Fogel chronicles the controversy surrounding his and colleague Stanley Engerman's groundbreaking book, Time on the Cross, one of the most fiercely debated works of U.S. history in the 20th century. Using cliometrics, the authors revealed slavery to be a profitable and ef- ficient labor system, demonstrating that economic growth and technological progress were possible even in a deeply immoral system. Fogel also recounts the emergence of a new generation of intellectual and political historians who questioned the progressive synthesis.

Among the young scholars in the 1950s who challenged the prevailing historical canon on slavery, no less than Fogel, was one he never mentions. Before the publication of Crisis of the House Divided: An Interpretation of the Issues in the Lincoln-Douglas Debates, in 1959, there had been no book, or serious study of any kind, by American historians, on the great debates. The debates themselves were a lengthy sequel to Lincoln's House Divided speech, which had declared that the government of the United States could not remain permanently half slave and half free. "Either the opponents of slavery will arrest the further spread of it and place it where the public mind shall rest in the belief that it is in course of ultimate extinction; or its advocates will push it forward, till it shall become alike lawful in all the states, old as well as new, North as well as South."

The debates had been ignored, because historians did not recognize the crisis that Lincoln believed existed, in which the nation would be compelled to choose either the path of freedom or of despotism. They did not believe in any such test, such as that asserted in the Gettysburg Address, as to whether popular government under the rule of law would survive. In substance, they agreed with Stephen Douglas that, as the framers and ratifiers of the Constitution had made a government half slave and half free, there was no reason why the nation could not continue indefinitely half slave and half free. All that was necessary, according to Douglas, was that the people of each state and territory decide for themselves, whether or not to have slavery among their domestic institutions. This was the doctrine of popular sovereignty, which Douglas held to be the true principle of American republicanism. Lincoln held to the very different doctrine, that all men are created equal, that the just powers of government are derived from the consent of the governed, and that no man, whether in a majority or minority, had any right to govern another man without his consent. This debate, which divided not only Lincoln and Douglas, but the American people at the deepest level of their consciousness, is completely ignored by Fogel and the cliometricians he so ably represents.

Lincoln's leading biographer in the 1950s, James Garfield Randall—still the giant name in Lincoln scholarship—was convinced that Douglas's policy of "popular sovereignty" in the territories, would lead as surely to freedom as Lincoln's demand for a Congressional ban on slavery's further extension into the territories. He did not think that there was any real or important difference between Lincoln and Douglas on slavery, and he could find no reason to justify the fact that it was almost the only issue that they debated.

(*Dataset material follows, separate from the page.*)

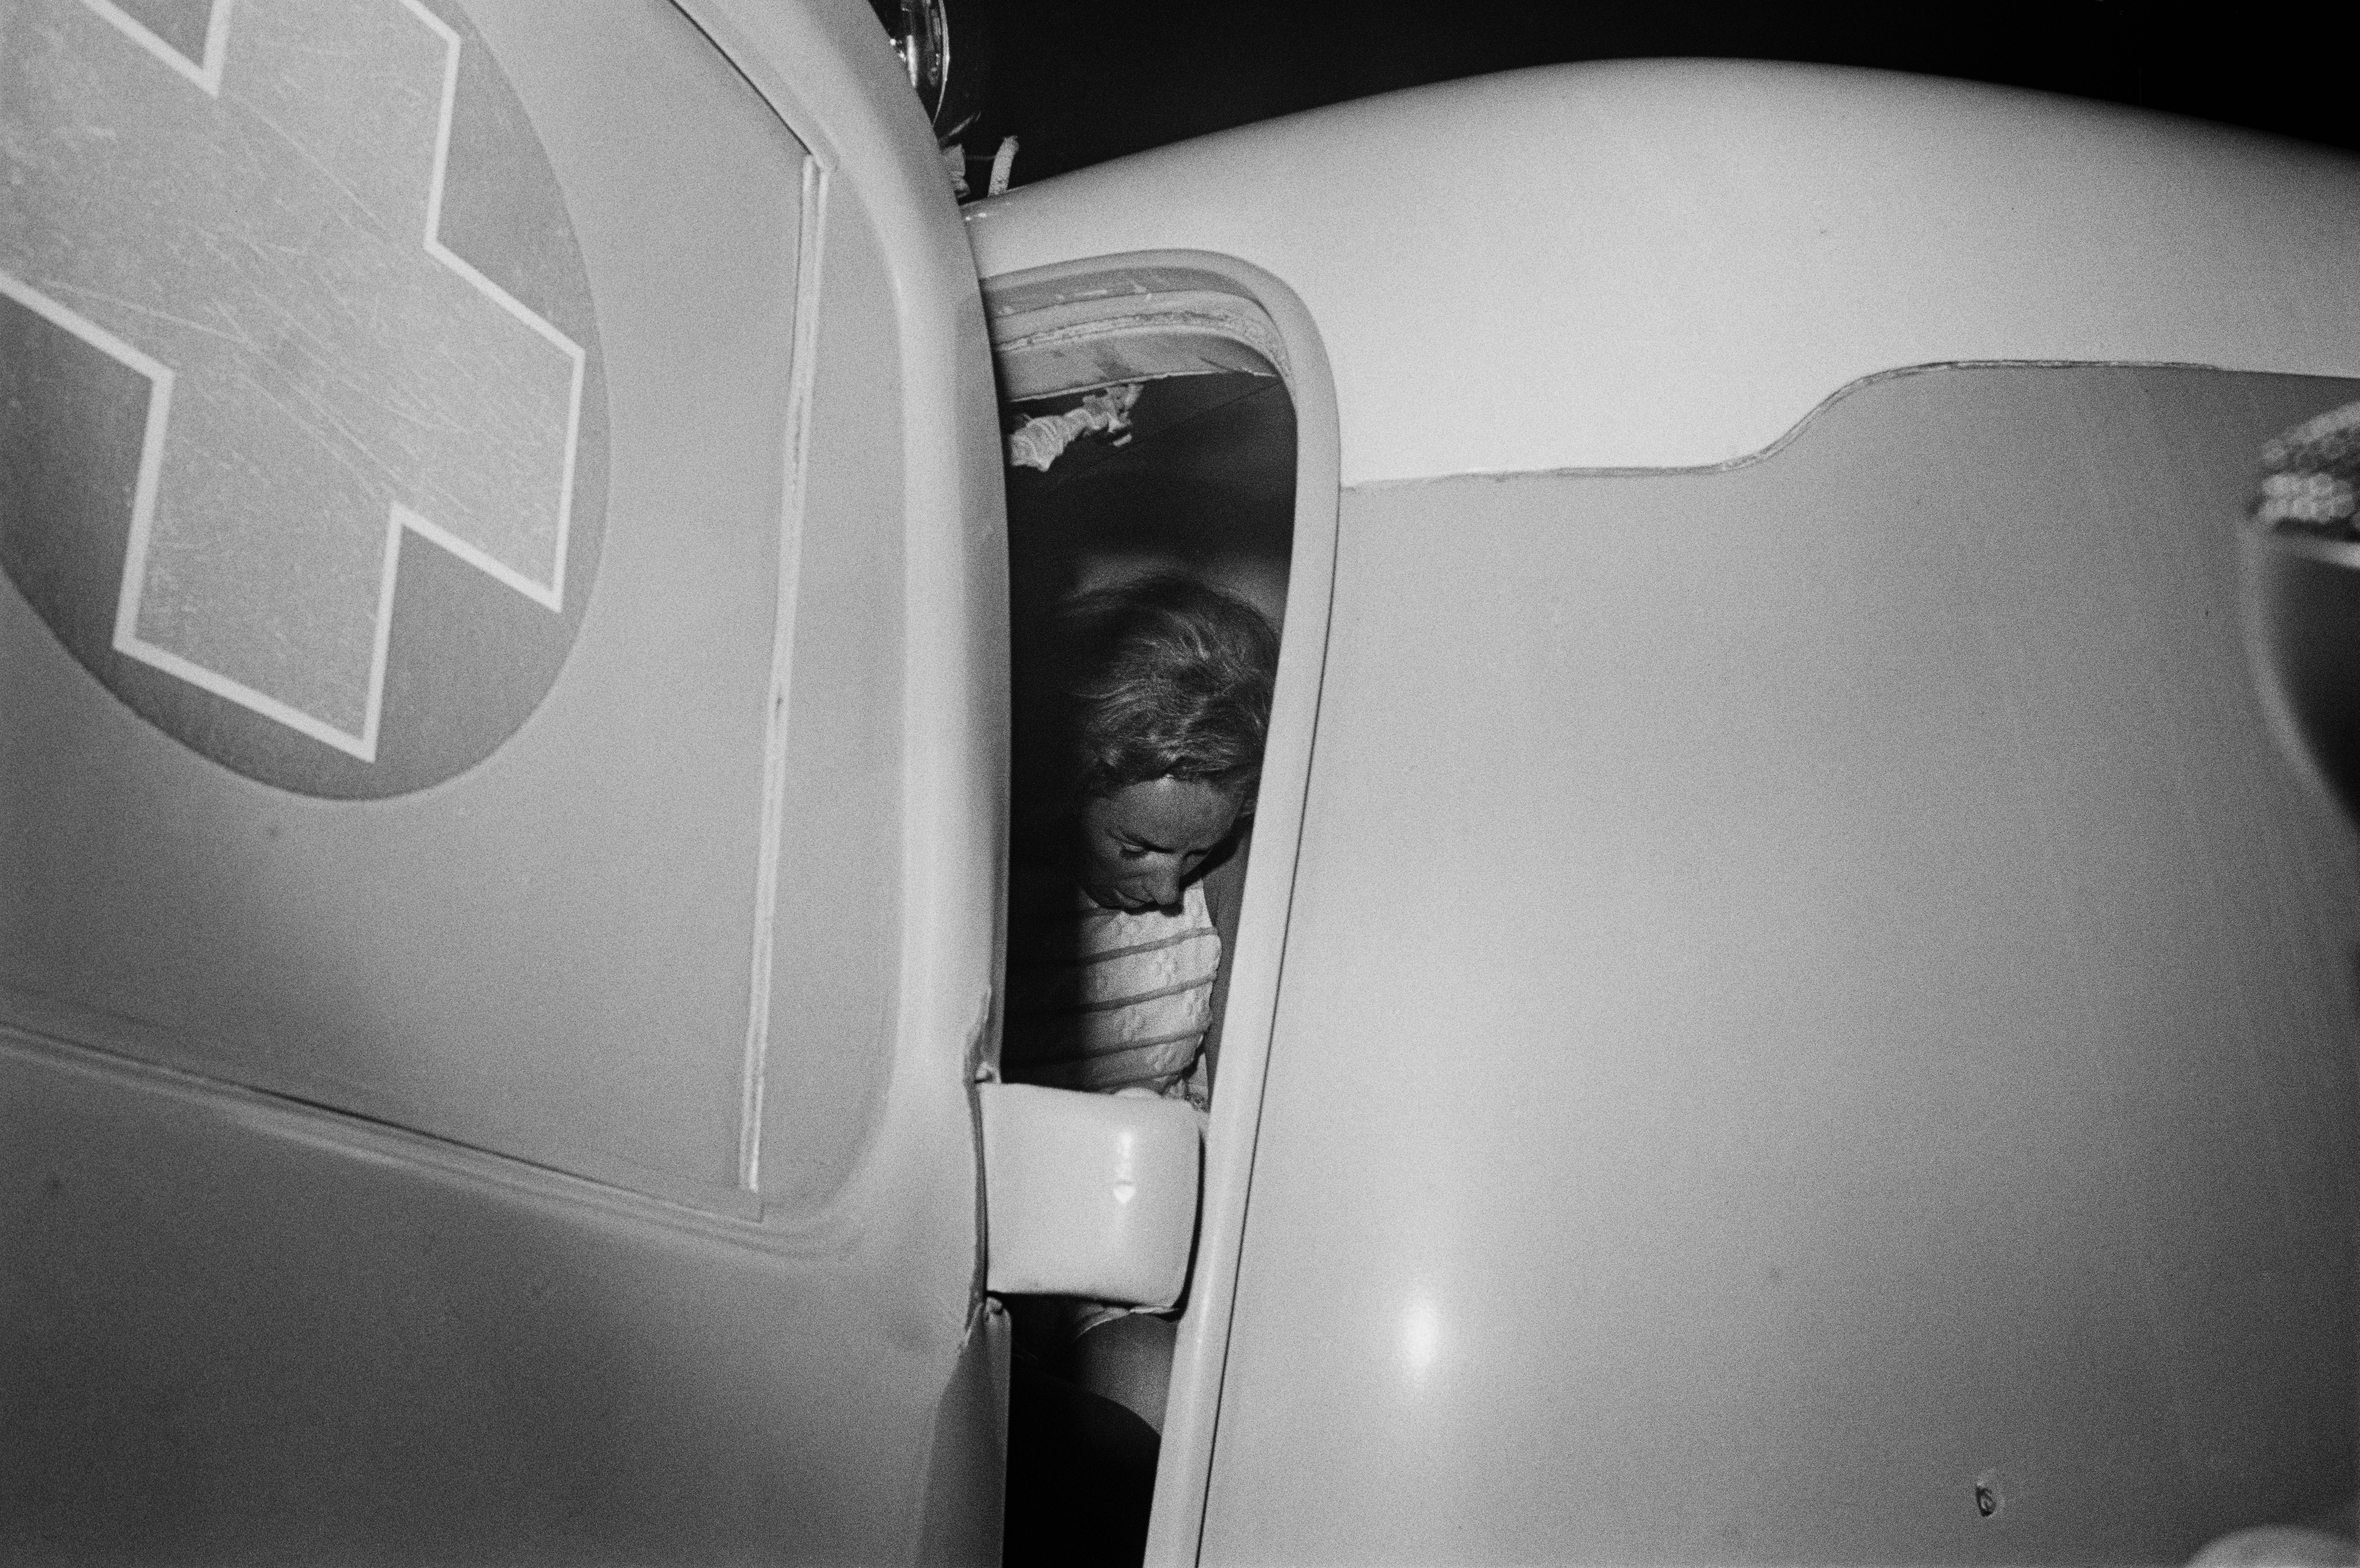 Ethel Kennedy in an ambulance 621

An important reason for Randall believing as he did was his acceptance of the thesis of an article by Charles Ramsdell in the Mississippi Valley Historical Review of October 1929, entitled "The Natural Limits of Slavery Expansion." The Ramsdell thesis can be summarized as holding that slavery would not have gone into any of the virgin territories, because it would not have been profitable to the slave-owners. Ramsdell's tacit premise was the limited profitability of slave labor, because of the limited ability of Negroes.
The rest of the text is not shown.